> _RECORDS SUPPLIED_:

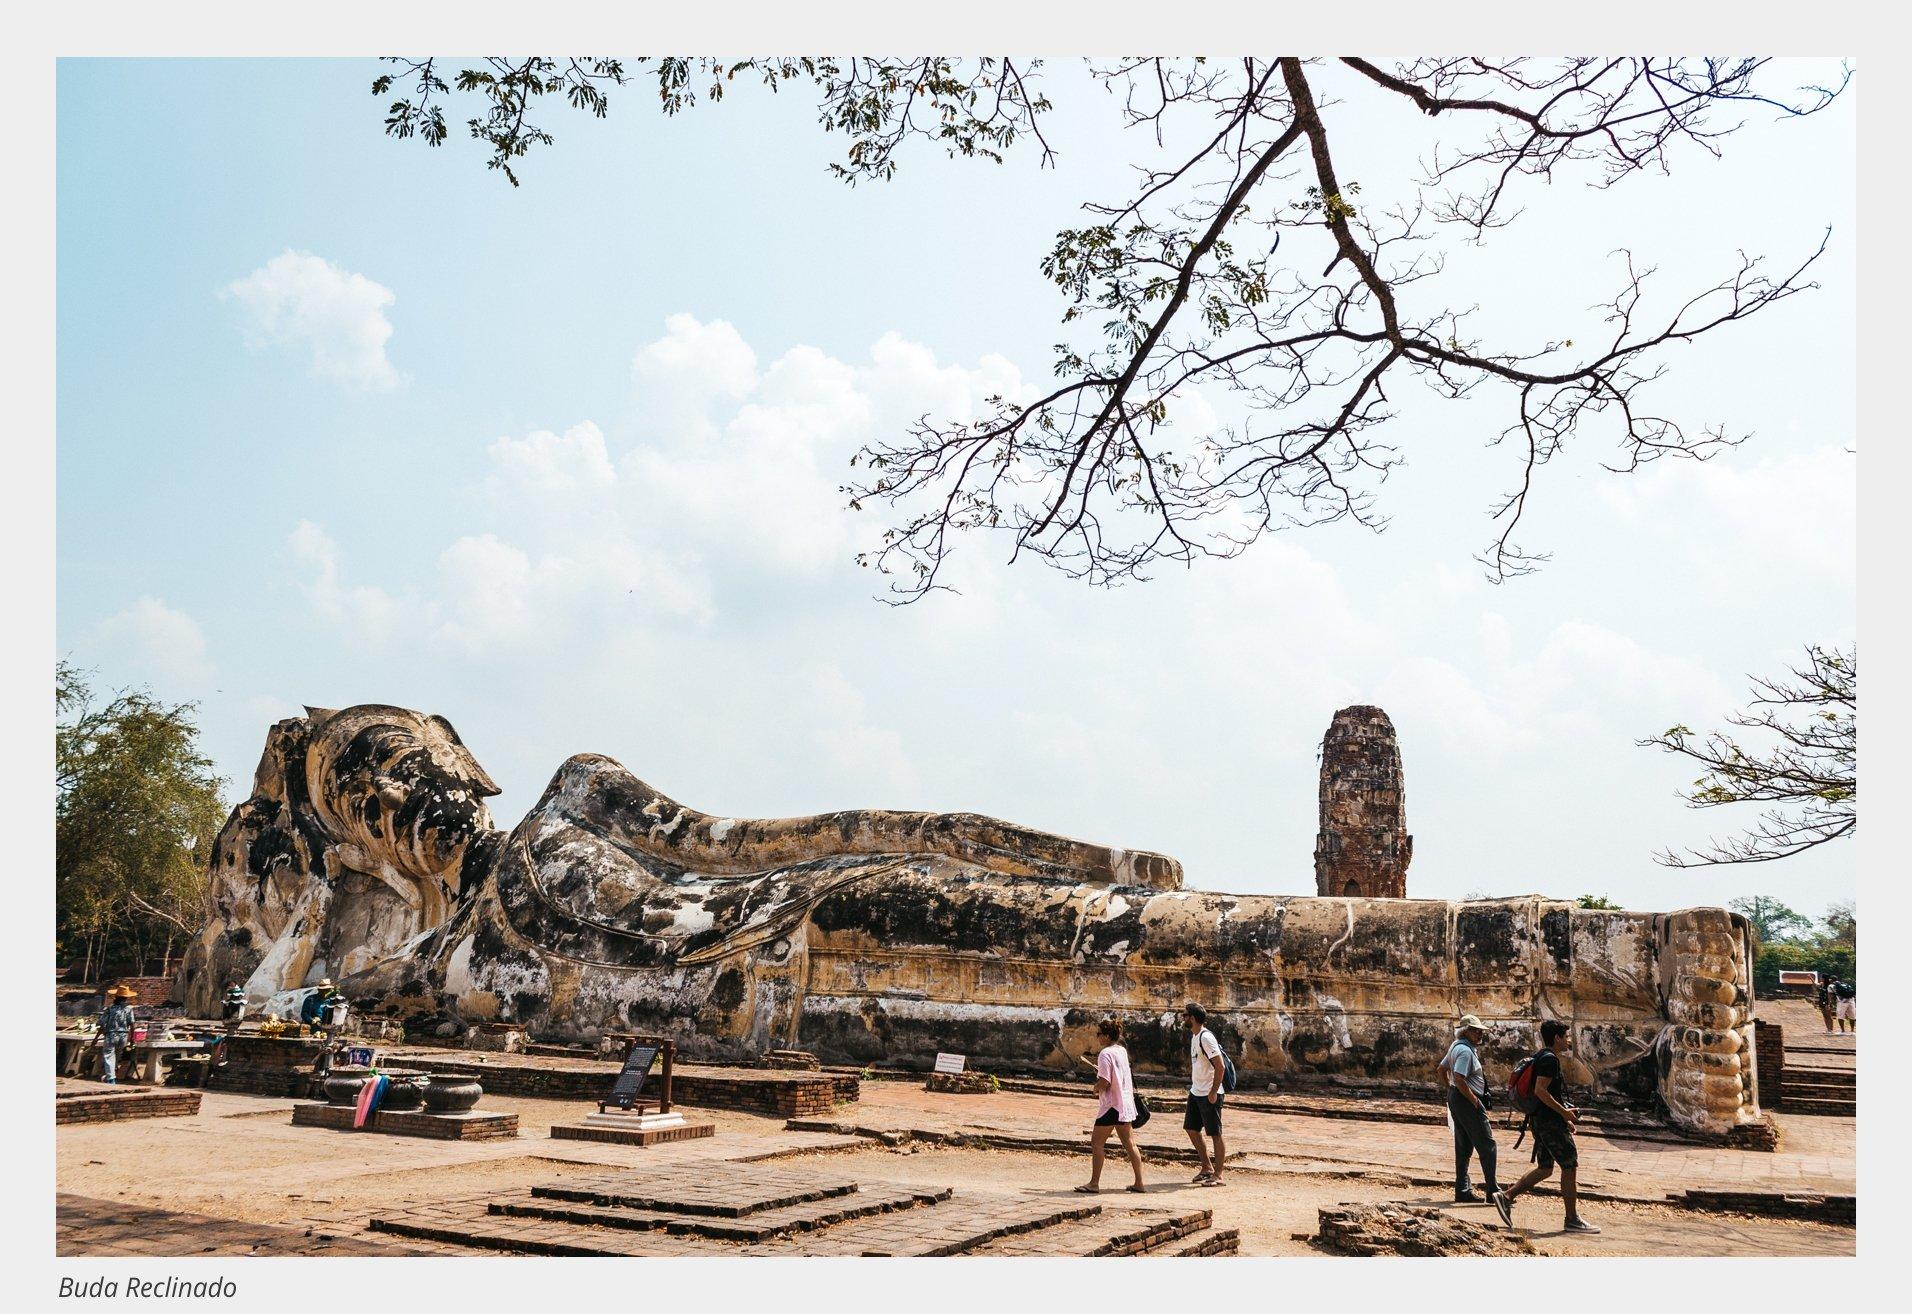 Ayutthaya: Buda Reclinado
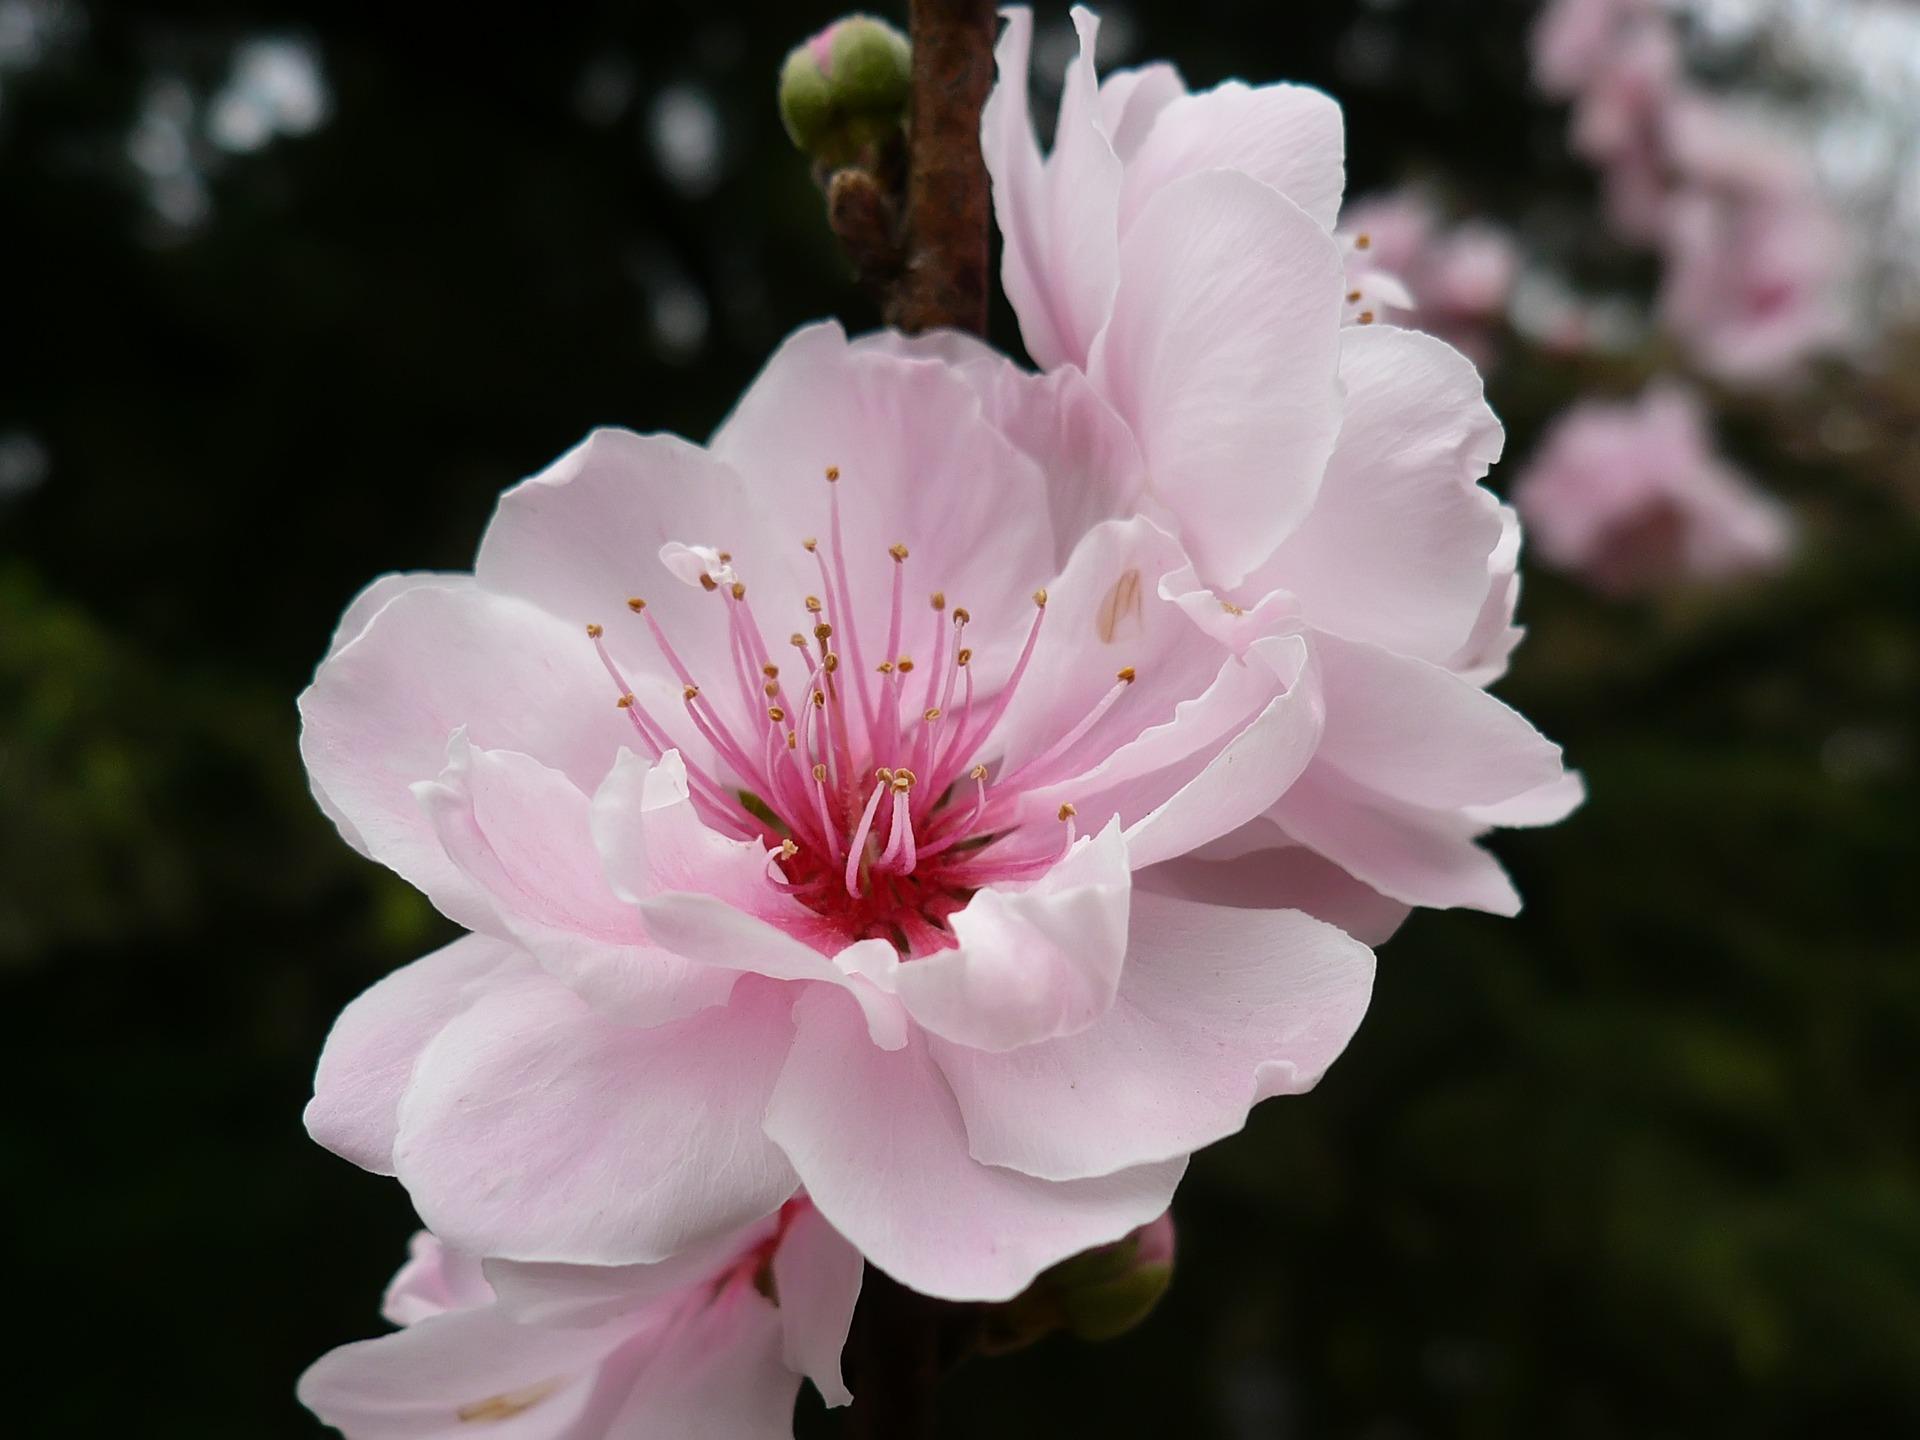 cherry flower wallpaper plants nature wallpapers in jpg format for
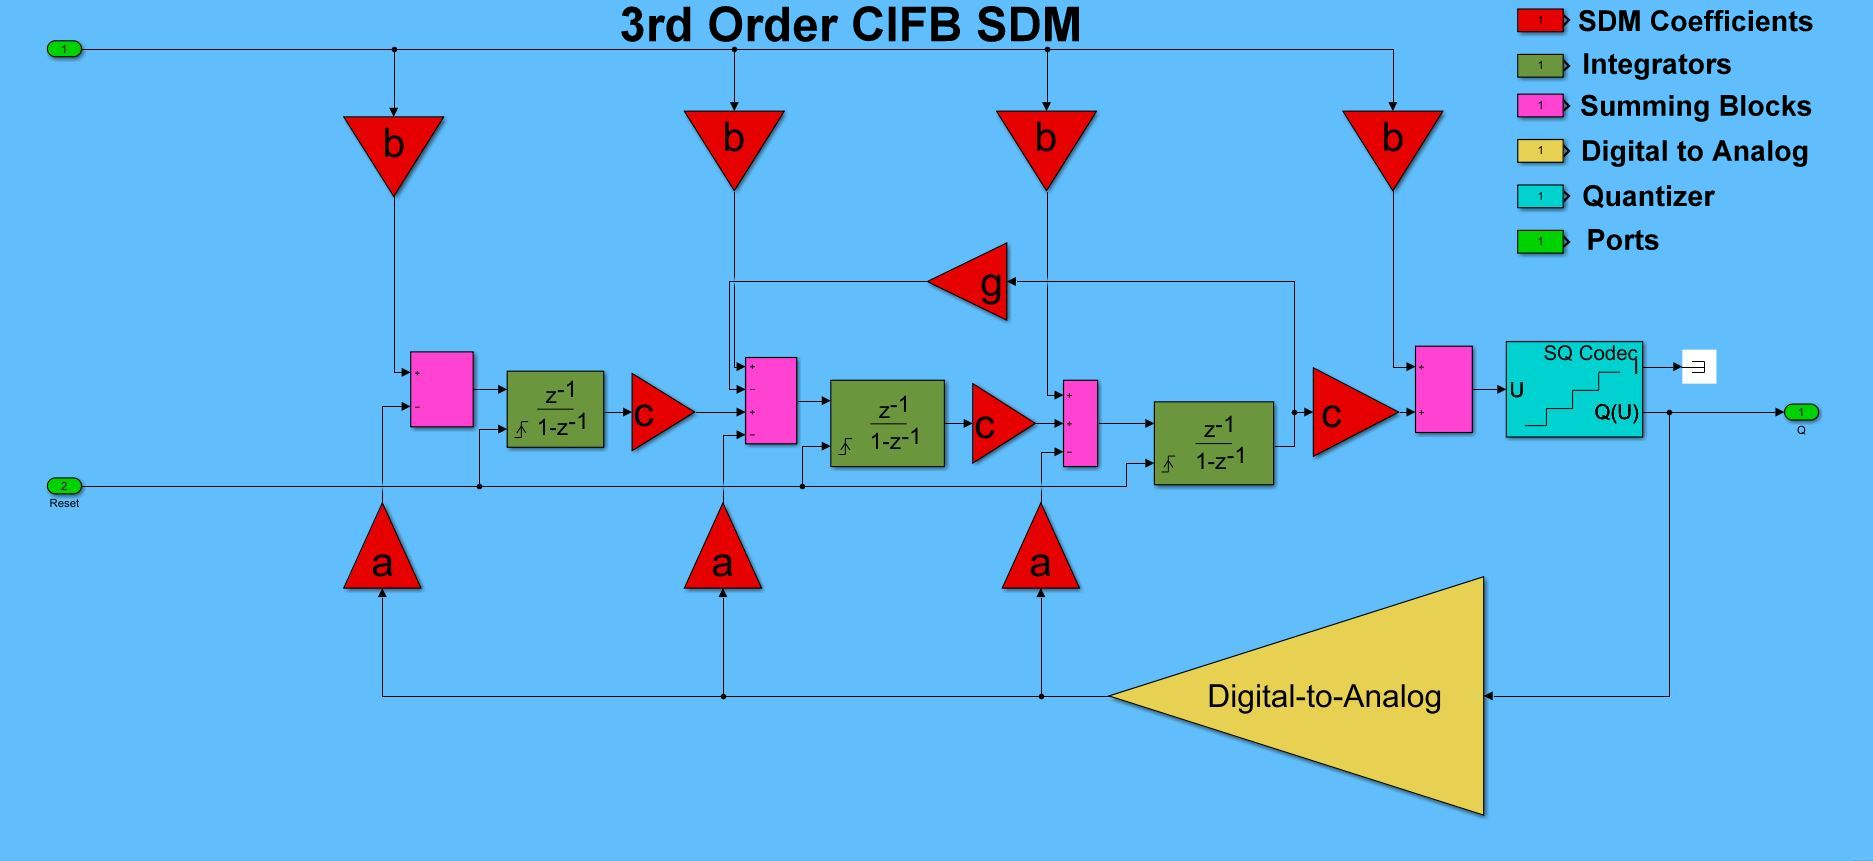 SDM Data Converter Architecture Considerations for Custom IC Designs
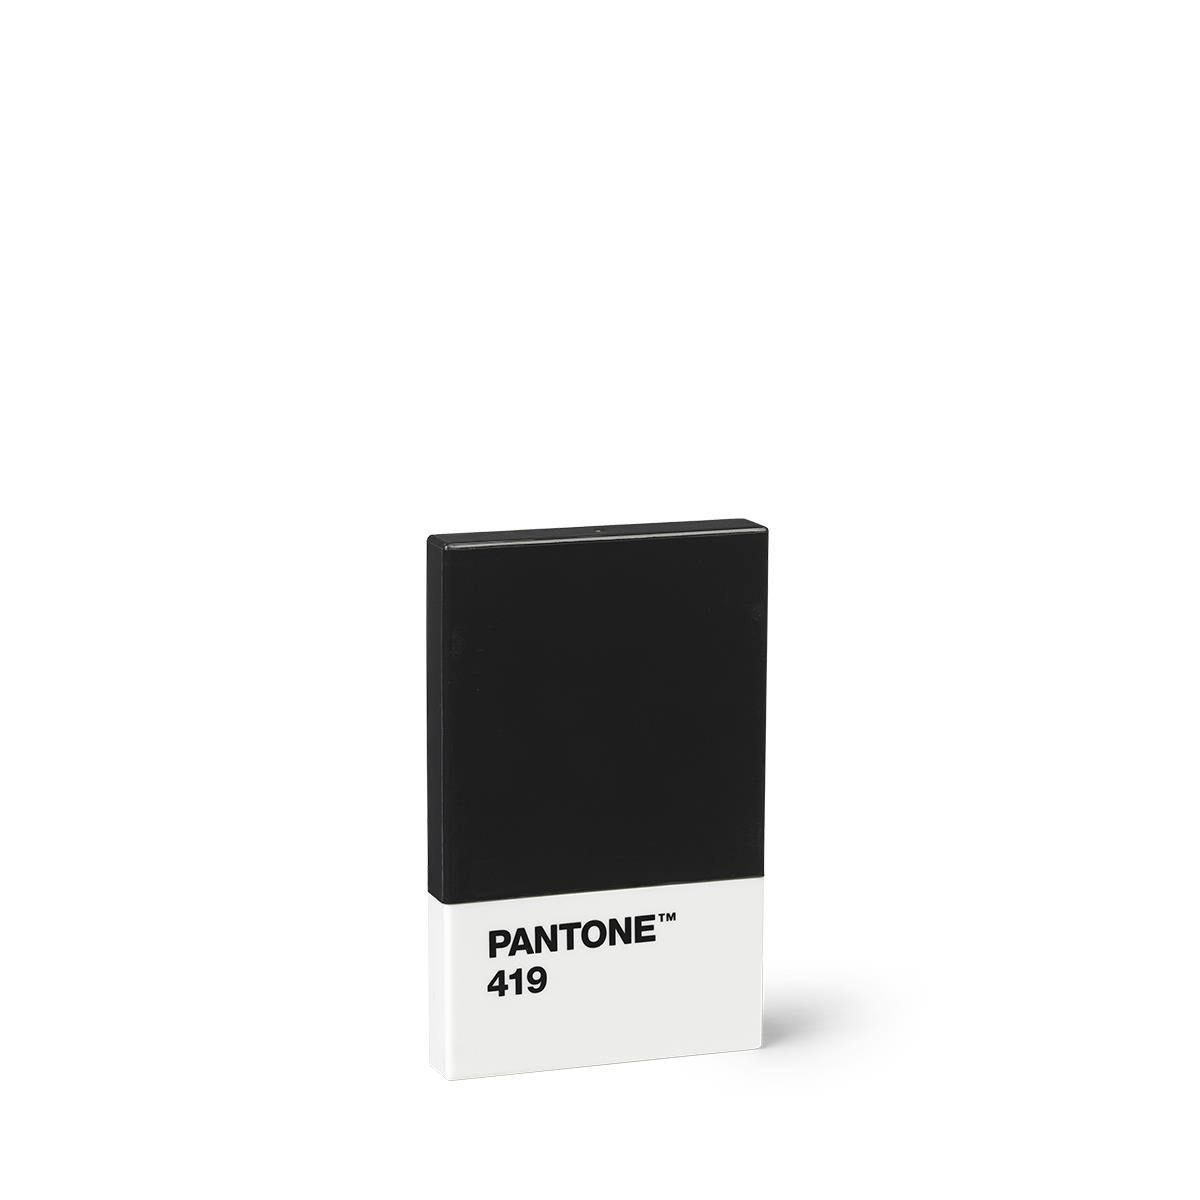 Kreditkarte Visitenkartenetui Schwarz 419 Set Von 2 Stück Pantone Büro Produkte
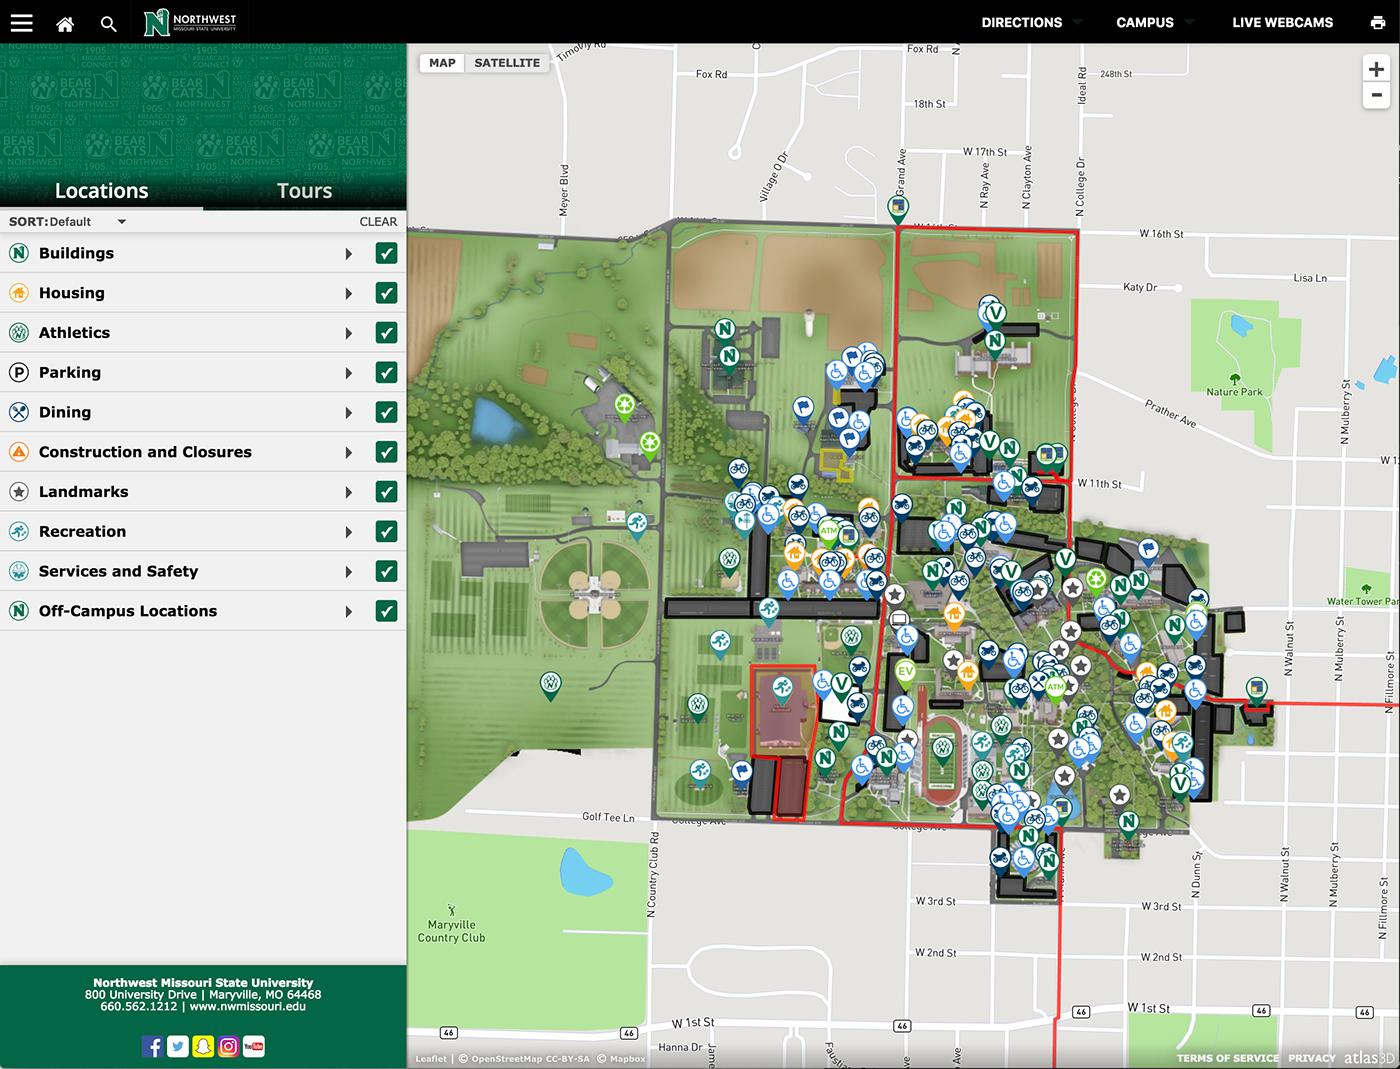 Northwest Missouri State University - Campus Map on Behance

> _PROMPT_:
Omit the pictures. Transcribe word for word the lines from the one containing "cherry flower wallpaper" through the end of the listing, inclusive.

> _RESULT OF THIS TASK_:
 cherry flower wallpaper plants nature wallpapers in jpg format for
 SDM Data Converter Architecture Considerations for Custom IC Designs
 Kreditkarte Visitenkartenetui Schwarz 419 Set Von 2 Stück Pantone Büro Produkte
 Northwest Missouri State University - Campus Map on Behance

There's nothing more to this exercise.